OTTAWA — For eighteen months, the geopolitical relationship between the United States and Canada resembled a lopsided poker game. President Donald Trump held what appeared to be an unbeatable hand: a demand for NATO dues, a chokehold on Canadian export markets, and the persistent threat of annexation. He played these cards across every medium available, from the digital halls of Truth Social to the physical stages of Davos. But as the sun rose over the Rideau Canal this week, the table had been reset. In a series of calculated maneuvers, Prime Minister Mark Carney has not just called Trump’s bluff; he has systematically removed the cards from his hands.
The most potent weapon in the American arsenal—the accusation that Canada is a defense “freeloader”—was neutralized two days ago. NATO confirmed that for the first time since the fall of the Berlin Wall, Canada has met its 2 percent of GDP defense spending target, totaling $63 billion. It is a milestone that predecessors failed to reach for three decades, achieved by Carney in a mere ten months. By tripling defense spending from its 2014 lows, Ottawa has silenced a generation of bipartisan criticism in Washington. The “shameful” tag once applied by U.S. House Speaker Mike Johnson has been replaced by an $18 billion year-over-year increase, the largest in Canadian history.

But Carney’s defense strategy is a “card within a card.” Of the $63 billion being deployed, the Prime Minister has signaled a sharp pivot away from the 70 percent of procurement that historically flows to American defense contractors. As Canada modernizes its fleet, Industry Minister Mélanie Joly has made it clear: any new submarine or aviation deals must include manufacturing facilities on Canadian soil, favor South Korean or German partners, and build a domestic industrial base. Canada is rearming, but it is doing so by cutting ties with Lockheed Martin and Raytheon, creating a defense renaissance that bypasses the American military-industrial complex entirely.
The second card to fall was the assumption of trade captivity. For decades, the math was simple: 75 percent of Canadian exports went south, making Canada a “captive supplier” that would inevitably fold under tariff pressure. That math has cracked. In 2025, the U.S. share of Canadian exports dropped to 71.7 percent—the lowest level since the early 1980s. Simultaneously, non-U.S. trade surged by $69 billion. Within a single year, Carney signed or deepened twelve trade and security agreements across four continents, including landmark deals with China, Japan, the EU, and India. Canada is no longer a country negotiating from a position of desperation; it is a country with options.

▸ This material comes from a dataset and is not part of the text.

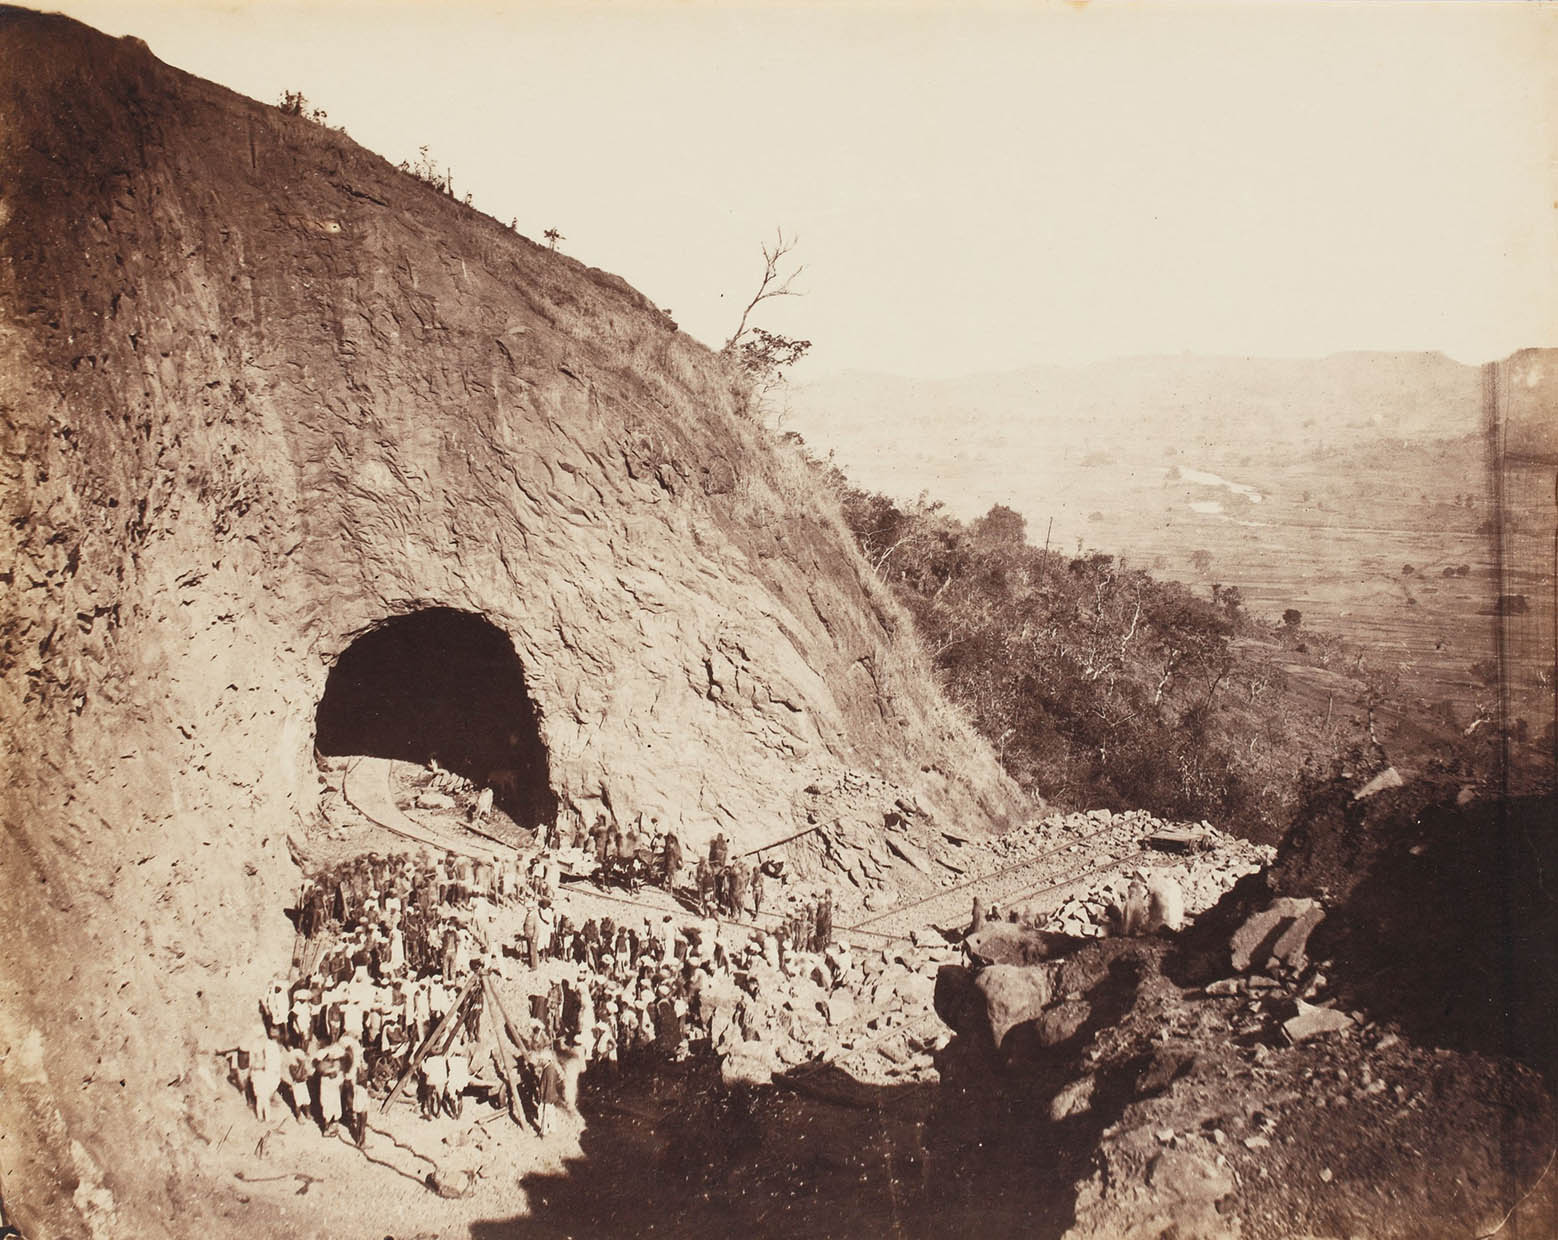 Tunnel Vision – An environmental history of Indian Railways - Alice Tredwell, Echoes of the Land, Environment, featured, Railway, Samuel Bourne, trains

Nowhere is this diversification more visible than in the energy sector. The foundational belief in Washington was that Canada needed America to buy its oil. Trump, it seems, neglected to read the engineering specs of his own Midwest refineries, which are designed specifically for Canadian heavy crude. While the U.S. remains dependent on Canadian energy, Canada is building the infrastructure to leave. The Trans Mountain pipeline expansion has tripled capacity to 890,000 barrels per day, and the first LNG cargo from Kitimat, B.C., recently shipped to the Pacific. With Asian buyers scrambling for non-Hormuz supply, Canada is transforming into a Pacific energy superpower that no longer requires a southern exit.
The “Allied Card” has also been flipped. Trump’s strategy assumed that Canada’s international relevance was a gift from Washington. But when the U.S. called for a coalition to secure the Strait of Hormuz, the world’s major powers—Australia, Germany, Japan, and the UK—all declined to follow the American lead. Instead, these same allies are coordinating independently with Ottawa. Canada has joined the EU’s Security Action for Europe initiative and established the Defense Security and Resilience Bank, a multilateral institution that funds collective security without depending on American supply chains. The node of Western coordination is shifting from the Potomac to the Ottawa River.

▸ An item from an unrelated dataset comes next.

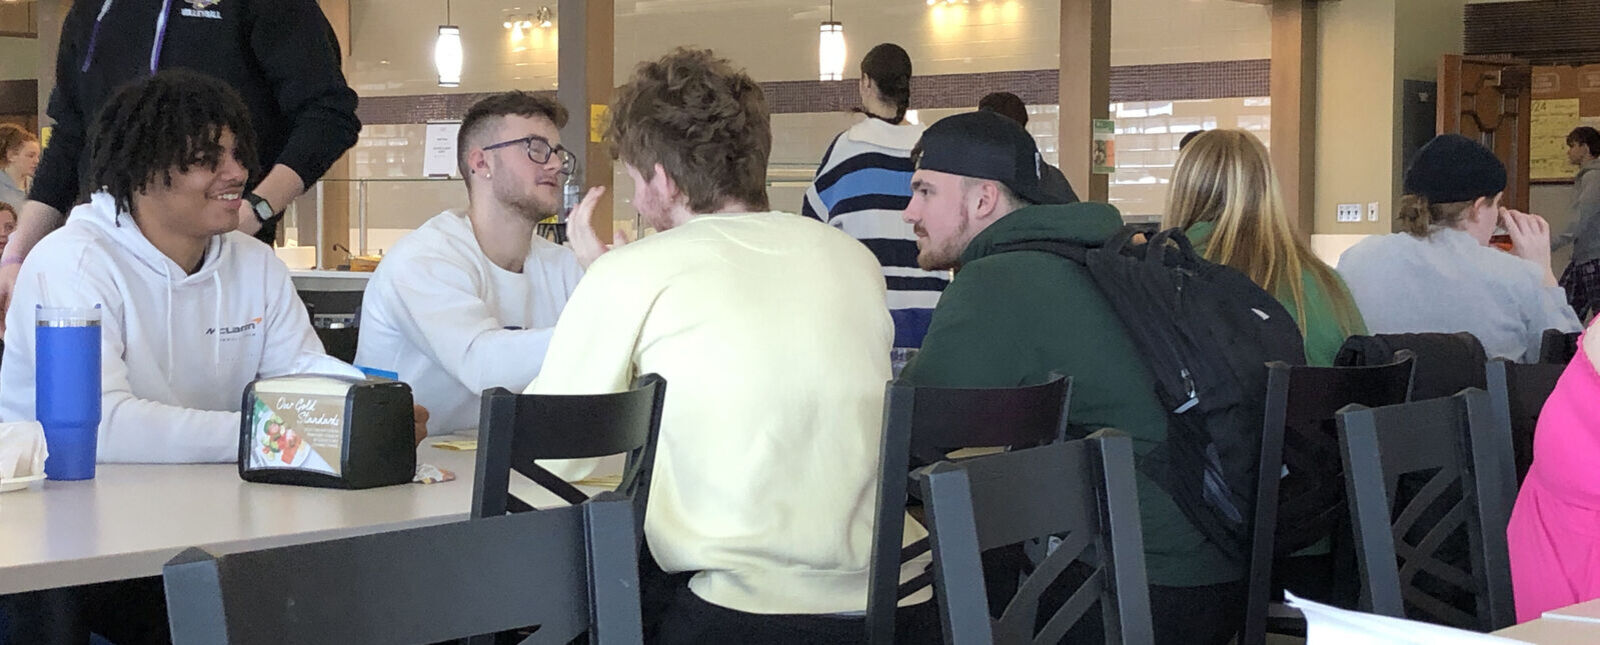 A group of students talk and laugh around a dining hall table.

As the CUSMA review in July approaches, the ultimate leverage card—the threat of a 35 percent blanket tariff—has been rendered legally radioactive. On February 20, the U.S. Supreme Court ruled that the International Emergency Economic Powers Act (IEEPA) does not authorize such tariffs, declaring the backbone of Trump’s trade war unauthorized. Canada now enters the review not asking for mercy, but armed with a “damages ledger,” prepared to demand compensation for the documented economic harm caused by acts that the U.S.’s own highest court has ruled illegal. The threat of CUSMA termination is now a gun with bullets in both chambers, threatening the 36 U.S. states that count Canada as their top export market.
For the Canadian worker in Windsor or the energy executive in Calgary, the leverage scorecard has been rewritten. The 2 percent milestone has reclaimed the moral high ground. The Pacific energy corridor has provided a release valve for Western Canadian Select crude. The “70-50-30” framework—a formal government plan to reduce U.S. trade dependency to 30 percent by the mid-2040s—is no longer a theoretical exercise; it is an active administrative directive. Canada is planning for a future where the United States is a significant neighbor, but no longer a dominant master.
The question for the American investor or policymaker is whether they recognize the shift before the July review begins. Trump enters the negotiations holding a hand of expiring tariffs and refused allies. Carney enters holding a Supreme Court ruling, a AAA-rated multilateral defense bank, and a stack of signed contracts from Seoul to Oslo. It is a collision between the old politics of transactional bullying and the new politics of systemic network-building. As Carney frequently observes, “Personalities change, but systems endure.” The new system is being built in real-time, and it does not have Washington at its center.

The bill for the last eighteen months of trade hostility is coming due, and the price tag is written in the language of permanent Canadian independence. Washington assumed its leverage was a permanent geographical fact; Carney has proven it was merely a temporary policy failure. When the two sides sit across from each other this summer, the most prepared negotiator in the room won’t be the one with the loudest social media account. It will be the central banker who spent his career understanding that the best way to win a game is to build a different table.
The Great Realignment is no longer a prediction; it is a documented reality. Canada has hit its targets, built its pipelines, and signed its deals. The cards have been flipped, and for the first time in a century, the house doesn’t necessarily belong to Washington.